The apparent early age of reproduction makes sense considering their habitat. They live much of their lives in the ocean and are themselves targets for other predatory fish and mammals. If they had to wait until they were 5 feet long before laying eggs, there probably wouldn’t be any sturgeons around anymore.  

Every once in a while individuals live a lot longer than expected. Maybe these are just extreme outliers in an otherwise very predictable span of temporal diversity. Or maybe they are more obviously temporal hints. Maybe, living things are made to live longer than we think.

I do find it quite interesting that the oldest known human beings live to the biblical age of man – just at, that is, 120 years. Jeanne Calment of France, the oldest human being whose age has been confirmed in modern times, lived 122 years. The oldest modern male was Jiroemon Kimura from Japan who lived 116 years.   

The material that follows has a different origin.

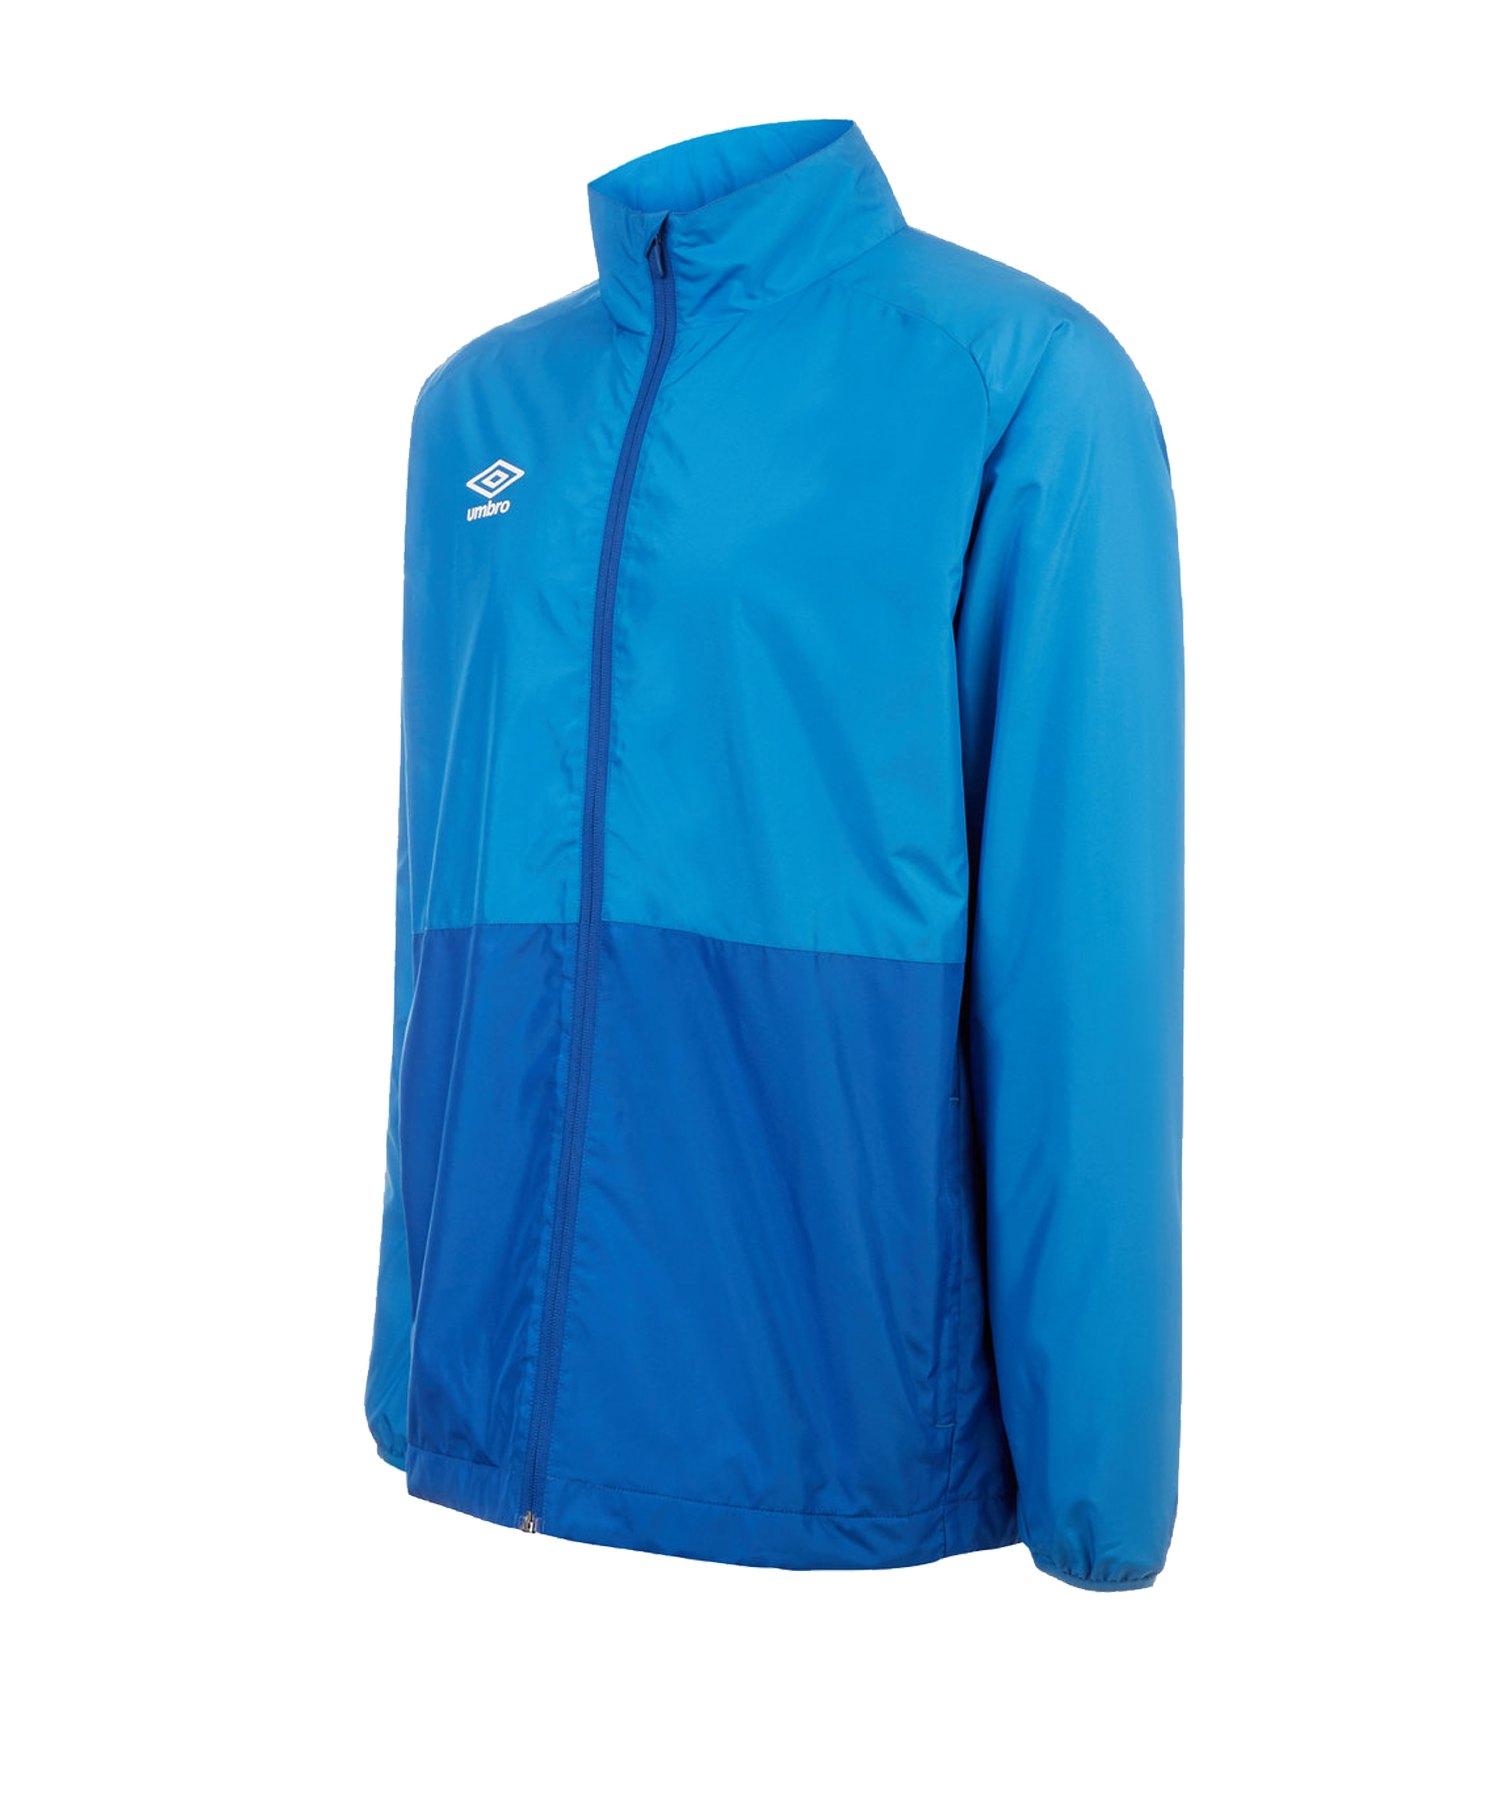 Umbro Training Shower Jacket Jacke Blau FEVF - blau

Perhaps John Henry Newman understood what this meant better than most. He observed that, “it is a plain fact, that most of us who die, die, not by any law of death, but by the law of disease; and some writers have questioned whether death is ever, strictly speaking, natural.”

This is something to think about. Maybe death isn’t natural in a different place. But here, in our fallen world, it’s easy to assume that old age is just the flip side of inevitable death. Such a view means that if you live to an advanced age, you will do so because of luck.

The other view is much more interesting. It is also much more inspiring. And to be quite frank, it makes more intuitive sense. Old age is a hint of who we are. And we were made for greater things.

References


The reference to Methuselah’s age is Genesis 5:27. The age of Abraham is given in Genesis 25:7. Heather Pringle’s article, Long Live the Humans, is found in Scientific American (October 2013) pages 48-55. Ronald M. Lanner’s colorful and interesting book Conifers of California (published by Cachuma Press, 2002) is my main source on sugar pines. My main source for essentialism is Ernst Mayr, especially his The Growth of Biological Thought (Belknap Press, Harvard, 1982). For an interesting list of long-lived individuals of many species see the Wikipedia listing for “List of Long-Lived Organisms” [accessed September 2013]. My source for old humans comes from Wikipedia’s article “Oldest People”. John Henry Newman’s statement is from A Grammar of Assent, Chapter VIII, part 1 of Informal Inference.